The second picture book, “Living with a black dog”, is addressed to the carer, the nearest and dearest who have to deal with the brunt of the consequences of living with someone who suffers from depression. In fact, this book I first saw in a local library, borrowed it, read it several times and said to myself: ‘I wish I had known this earlier.’ It begins with a section called ‘Things you may have noticed’ then ‘What not to say’ (and why) followed by ‘Good things to say and do’ and so on. There is plenty of wit and humour in these two books and the content is tactfully put so that these books could usefully be left lying around. The key message of “Living…” to the caregiver/spouse is that while it may be your task to support and accompany your loved one as patiently as you can, it is not your task to try to solve all their problems and you need to allow space in your diary for you to talk with a friend/do something fun. You don’t help someone with depression by acquiring your own black dog.
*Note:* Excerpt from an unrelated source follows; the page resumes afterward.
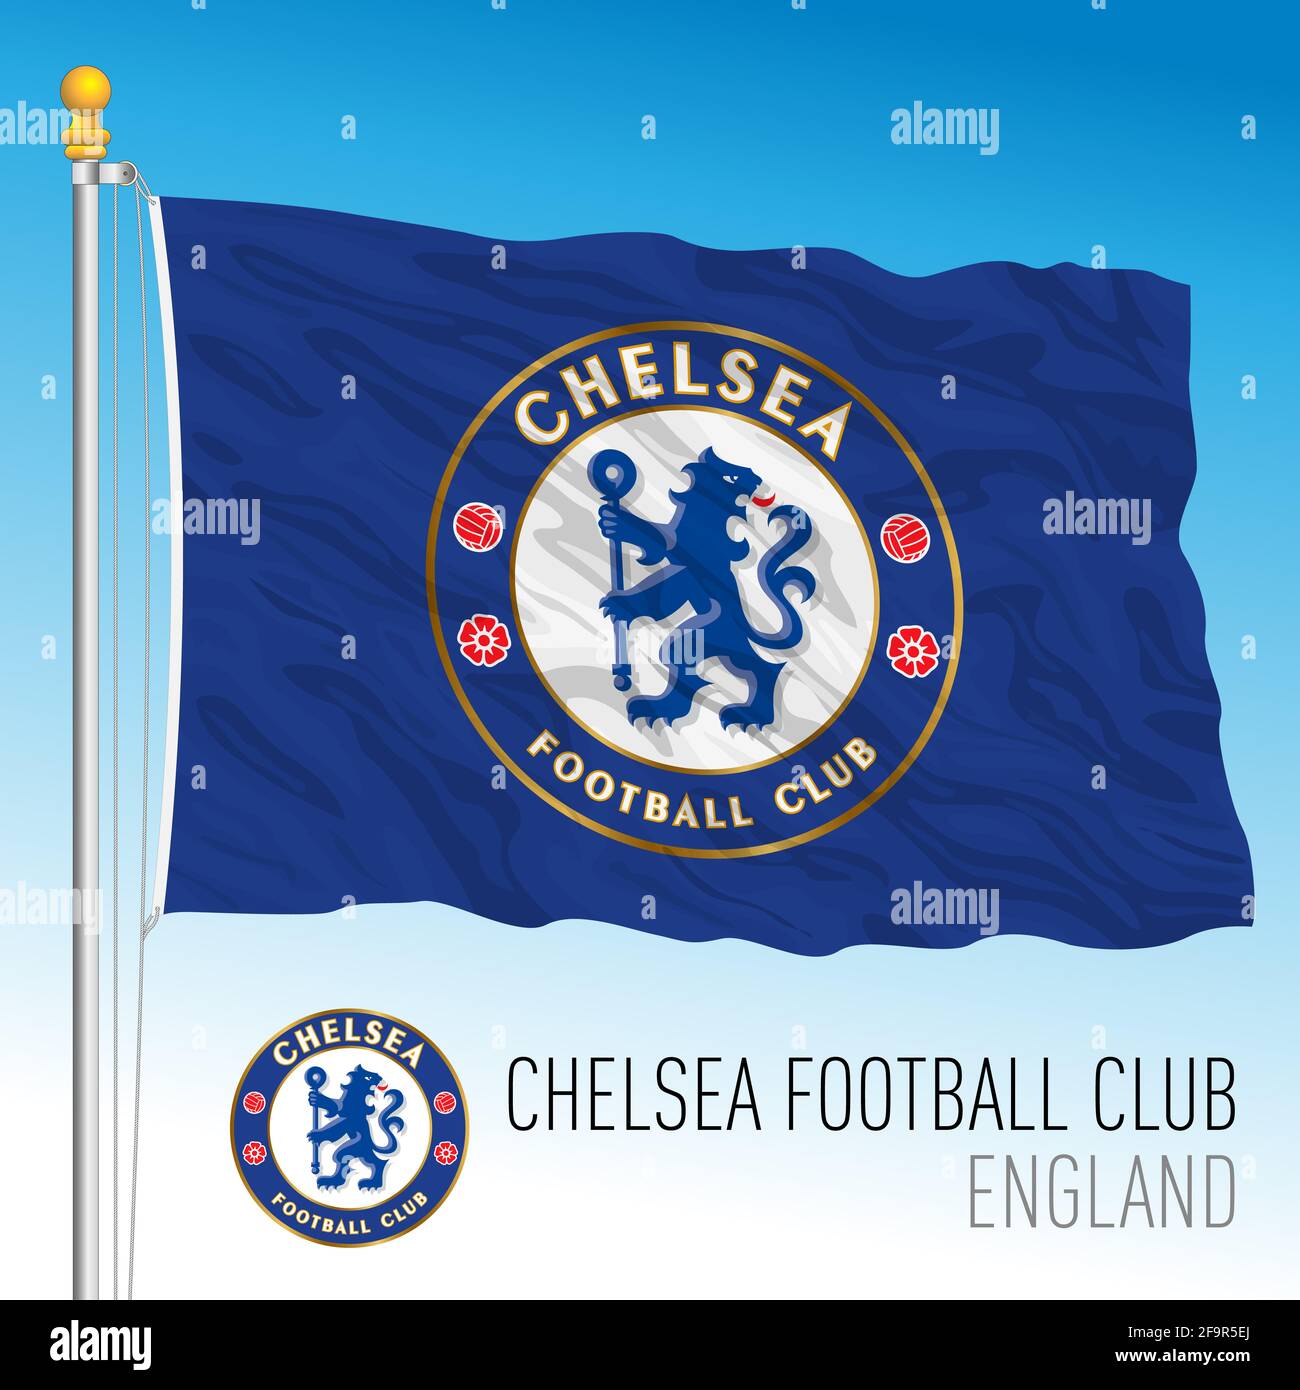 Desarmado Laboratorio equivocado Europa, año 2021, la bandera del Chelsea Football Club y el escudo del  equipo en el nuevo campeonato de la Super Liga, ilustración Fotografía de  stock - Alamy

By the way, the reference to the black dog, is that that is how Sir Winston Churchill used to refer to his depression. Yes, he who led his country to victory in World War II suffered from clinical depression. Others include Abraham Lincoln, Sir Isaac Newton and Ludwig van Beethoven. Dr Cantopher observes that it is strong people who most likely get clinical depression – strong in character, that is, and that says nothing about whether you are rich, poor, in work, homekeeper, married, single or otherwise. Given a lot of stress “Someone who is weak, cynical or lazy will quickly give up” (page 6) so they don’t get ill. A strong person will try to overcome them until symptoms start to appear and then most people say “Hang on, a minute” and ask for help or tell other people they have got to pull their weight. They stop before it is too late. But a sensitive person doesn’t stop for fear of disappointing other people. They keep on going, “on and on and on, until suddenly: BANG! The fuse blows” (page 7). Dr Cantopher’s book covers the causes of depressive illness (that is, stress-induced illness), medication, psychotherapies, and so on. What I found most encouraging was the idea that having depression does not mean you are a weak, lazy or a bad person. It means that, whatever else is going on, you are most likely to be reliable, consciencious and alert to the needs of others.

I am happy to recommend all three of the books mentioned here. If nothing else I have learned that having depression does not mean you are a bad person. That’s a message that everyone needs to hear.